CCISO's determination letter was eventually disclosed to petitioner on April 3, 2006. On May 2, 2006, petitioner sent respondent another settlement offer, this time offering to settle for full relief under section 6015(c) from any additional joint liability. In the same letter petitioner indicated to respondent that she intended to file a motion for summary judgment if respondent did not agree to the settlement. Respondent did not agree to the settlement, and on May 24, 2006, petitioner filed a motion for summary judgment.

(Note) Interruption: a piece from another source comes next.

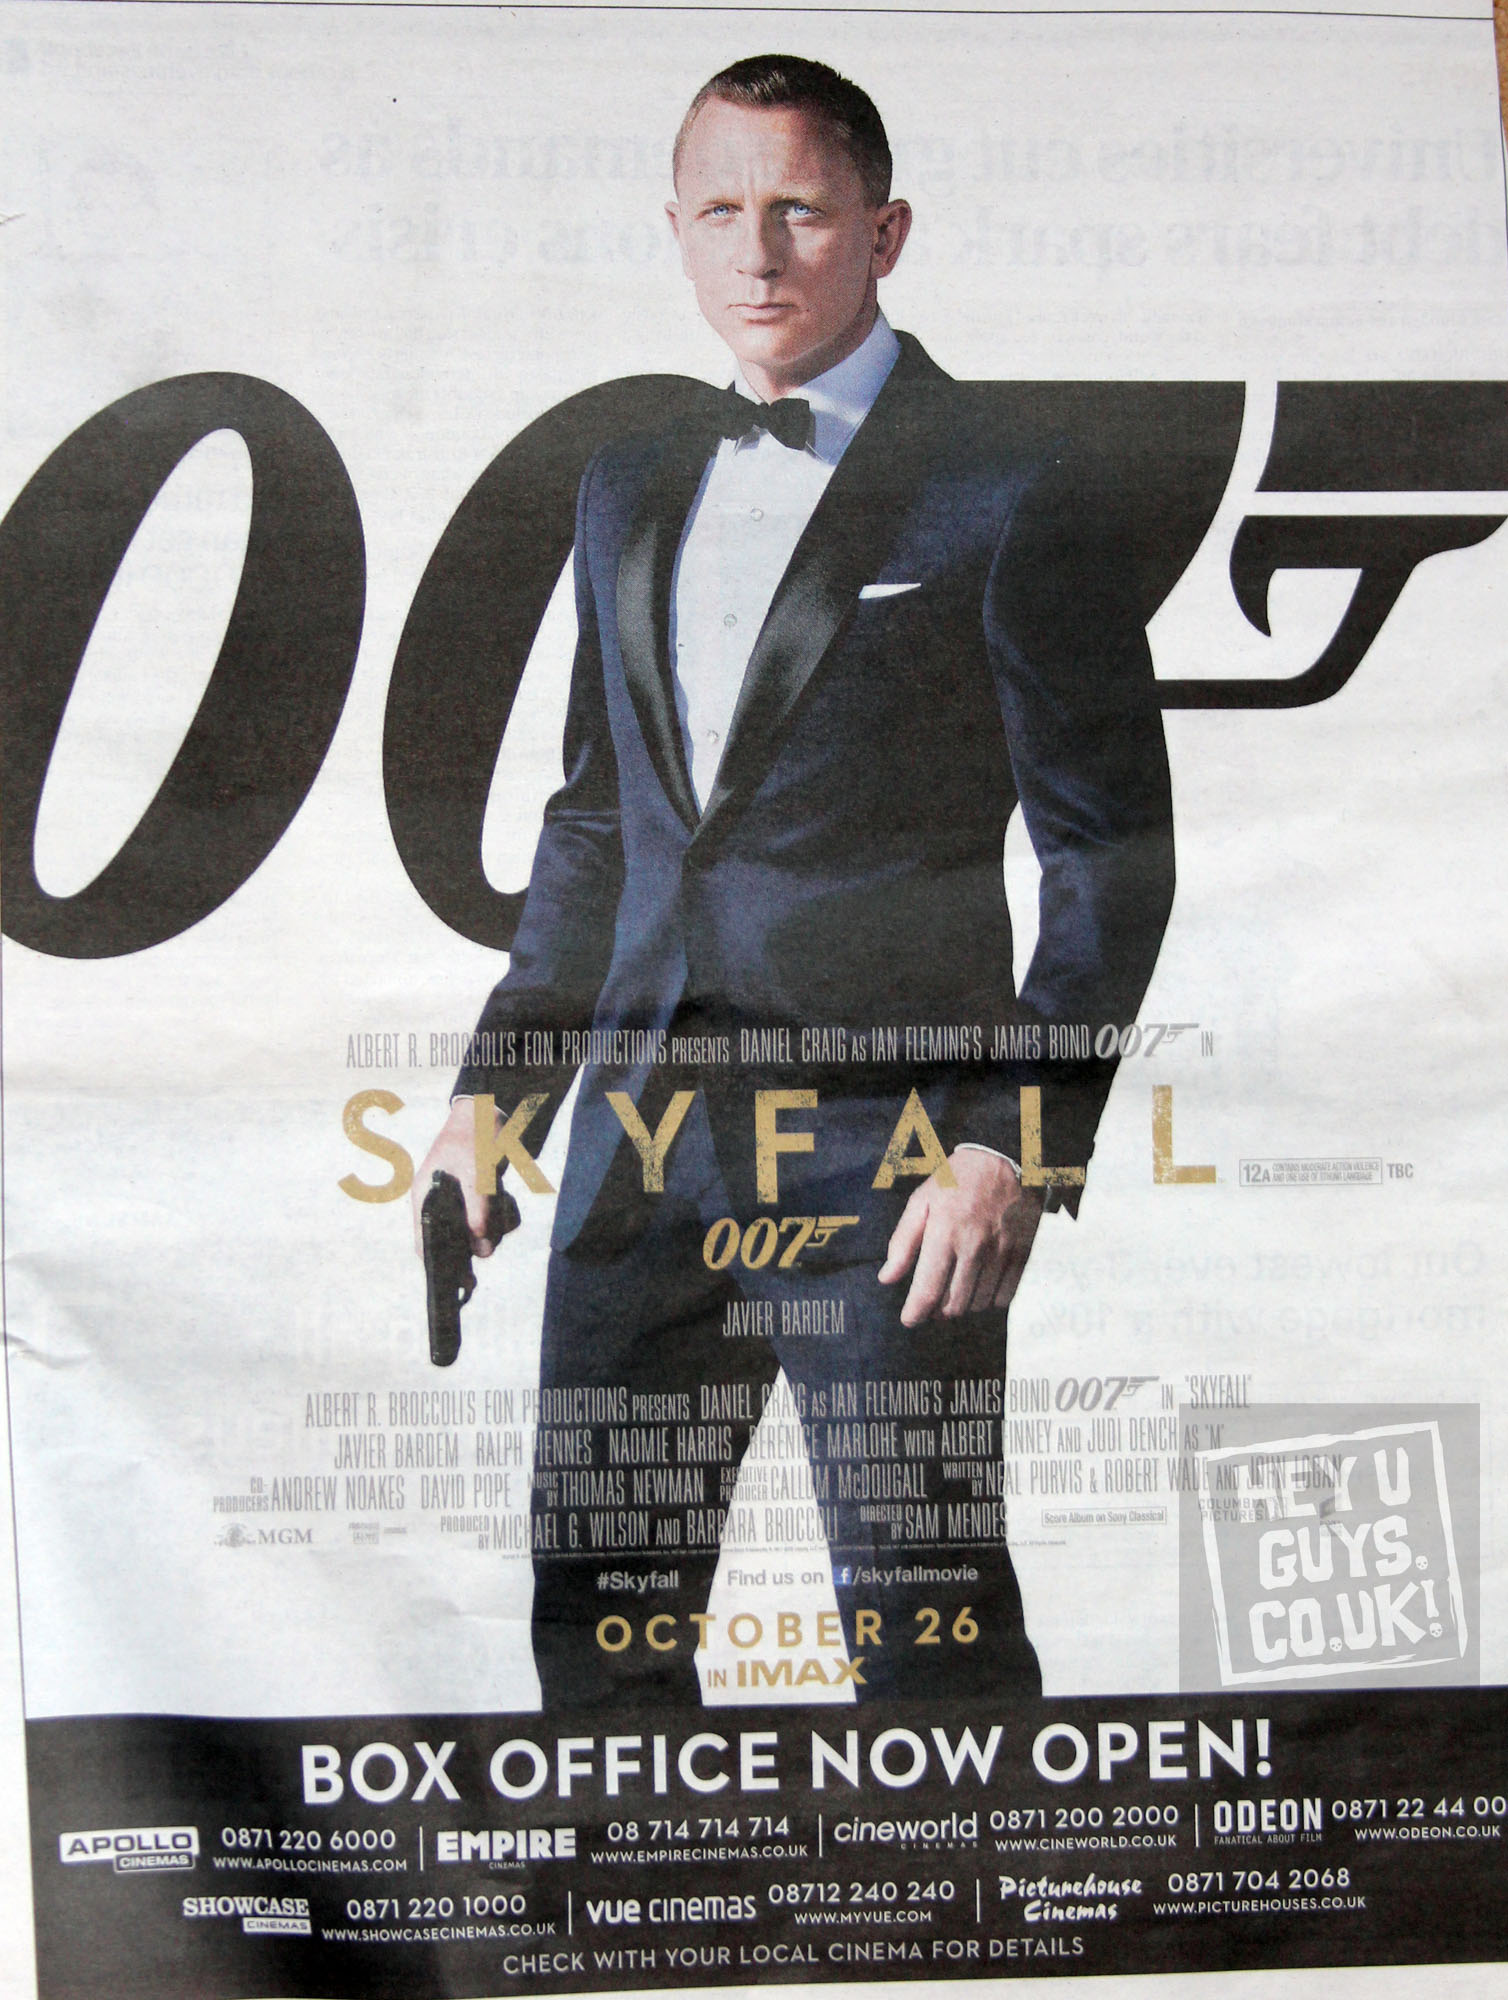 Skyfall Poster - Daniel Craig as James Bond

On July 14, 2006, respondent moved for additional time to respond to petitioner's motion and indicated an intention to concede petitioner's entitlement to the relief recommended from CCISO. Respondent sought additional time in order to pursue a stipulation of settled issues reflective of his concession. At this point, petitioner refused to enter into a stipulation of settled issues. In a subsequent filing related to respondent's motion to extend time, respondent indicated to the Court that he in fact conceded the innocent spouse issue.
On September 21, 2006, this Court determined that petitioner's motion for summary judgment was moot because respondent conceded. Petitioner now moves for the recovery of litigation costs. Petitioner argues that for the period of July 28, 2004, to the present, she is entitled to an award of litigation fees because she is the prevailing party and respondent was not substantially justified. For the period July 2, 2005, to the present, petitioner argues that she is entitled to litigation fees because she is the prevailing party within the meaning of section 7430(c)(4)(E)(i), because the judgment is less than her qualified offer.
A. Prevailing Party Generally
Section 7430(a) authorizes the award of reasonable litigation costs paid or incurred in a court proceeding which is brought by or against the United States in connection with the determination, collection, or refund of any tax, interest, or penalty under the Internal Revenue Code. The taxpayer must establish that she: (1) Is the prevailing party; (2) has exhausted the available administrative remedies; (3) has not unreasonably protracted the court proceedings; and (4) has claimed litigation costs that are reasonable. Sec. 7430(a) and (b)(1), (3). The taxpayer bears the burden of proving that these requirements are met. Rule 232(e). A taxpayer is generally the prevailing party if the taxpayer substantially prevailed with respect to either the amount in controversy or the most significant issue or set of issues. Sec. 7430(c)(4)(A). Under section 7430(c)(4)(B), even if the taxpayer meets the requirements of a prevailing party under section 7430(c)(4)(A), the taxpayer will not be treated as a prevailing party if the Commissioner's position in the proceeding was substantially justified.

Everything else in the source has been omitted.